Proper creation of this content -- when the interests of the listener/reader are paramount -- balances the need for sponsorship with the imperative for value, credibility and acceptance. If it's not worthwhile, people won't listen or read it. If it is, they will -- and they will tell their friends in their communities. It's that simple. After all, it's a blog ... with all the social-Web Darwinism that entails.

And the innovation around B2B podcasts is only beginning. When listeners link to a blog of a transcript, it raises that URL in search rankings, so there's a search relevancy benefit. The sponsors can point their AdWords click-throughs to the educational discussion transcript, not just to a registration or brochure-ware page. So there's a search-based ad benefit by providing the best content along with the best keywords.

When done right, podcasts are a cost-benefit-analysis slam-dunk. The total cost of producing and distributing podcasts, sponsored or otherwise, is a fraction of a white paper, an ad campaign, AdWords, a booth at a trade event, a direct email marketing campaign, a webinar/webcast.

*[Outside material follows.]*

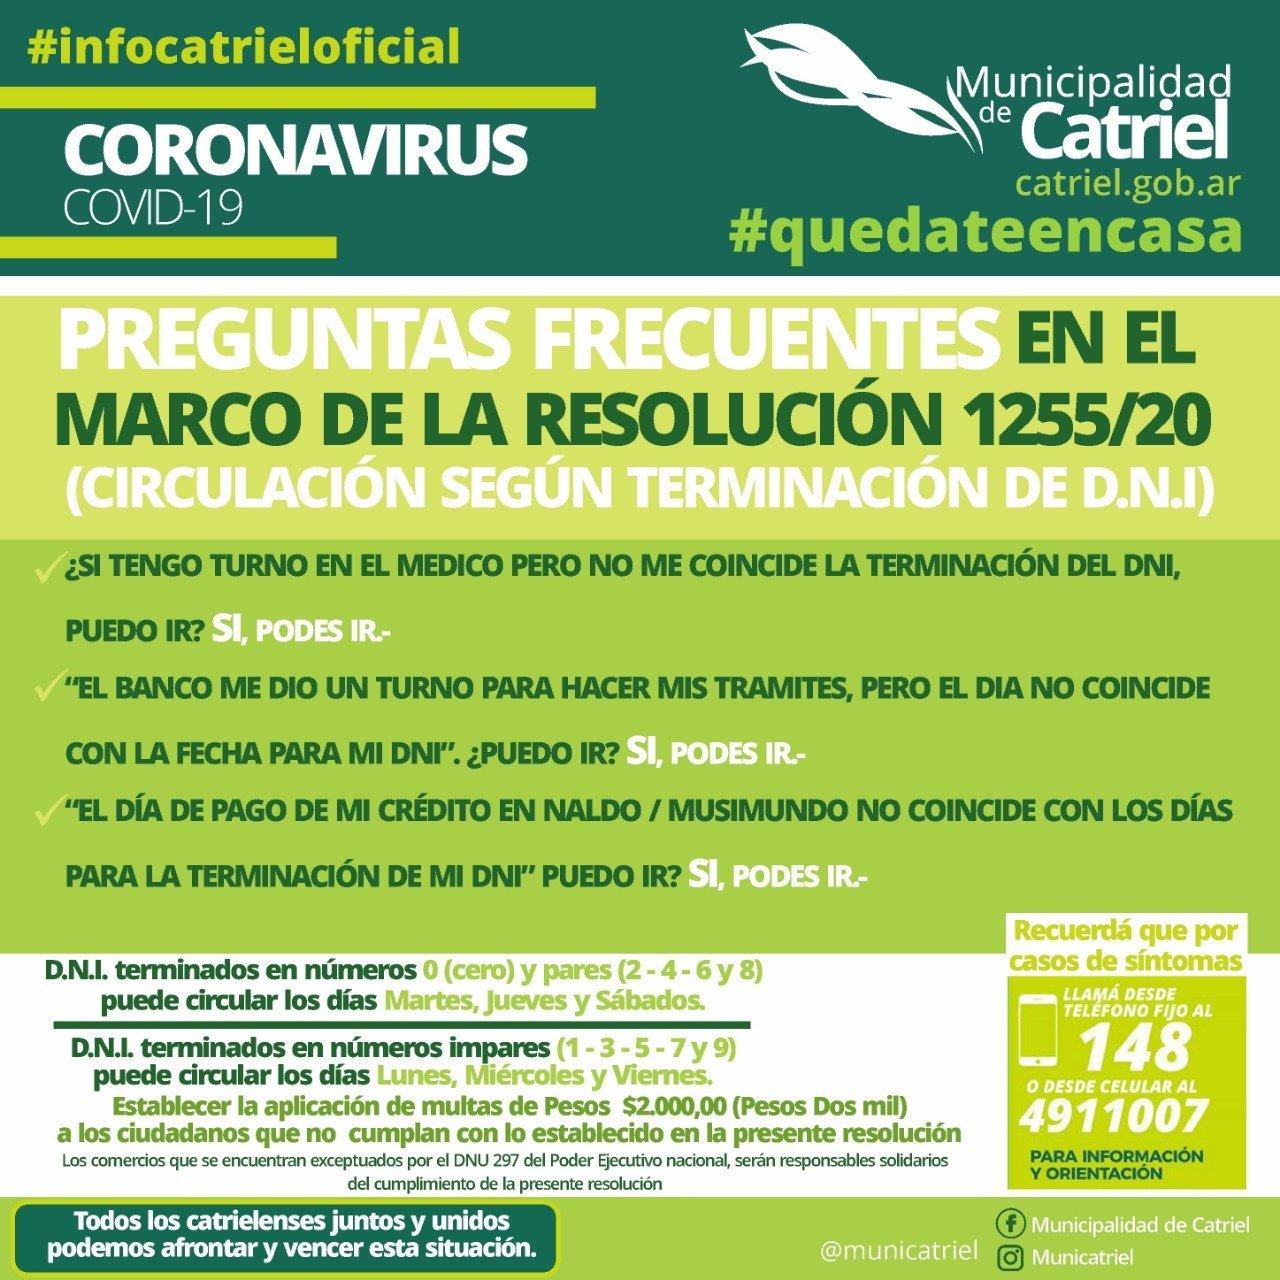 circular1 - Catriel25Noticias.com

And yet podcasting is often more credible, "lasts" longer as searchable content, is easier to absorb, and can actually extend the value of other outreach activities. Any of these outreach activities are enhanced appreciably at incremental cost when B2B podcasting is used along with them.

For instance, I have already been part of a repurposing of webinars into podcasting/transcript/blog content. I happen to be the featured analyst on the webinar on SOA issues, so I am obviously biased, but it proves a point of new content uses.

Bottom line: B2B podcasts are offering more bang for the buck as native content creation, as well as quickly and easily extending the value and ROI of other informational outreach approaches.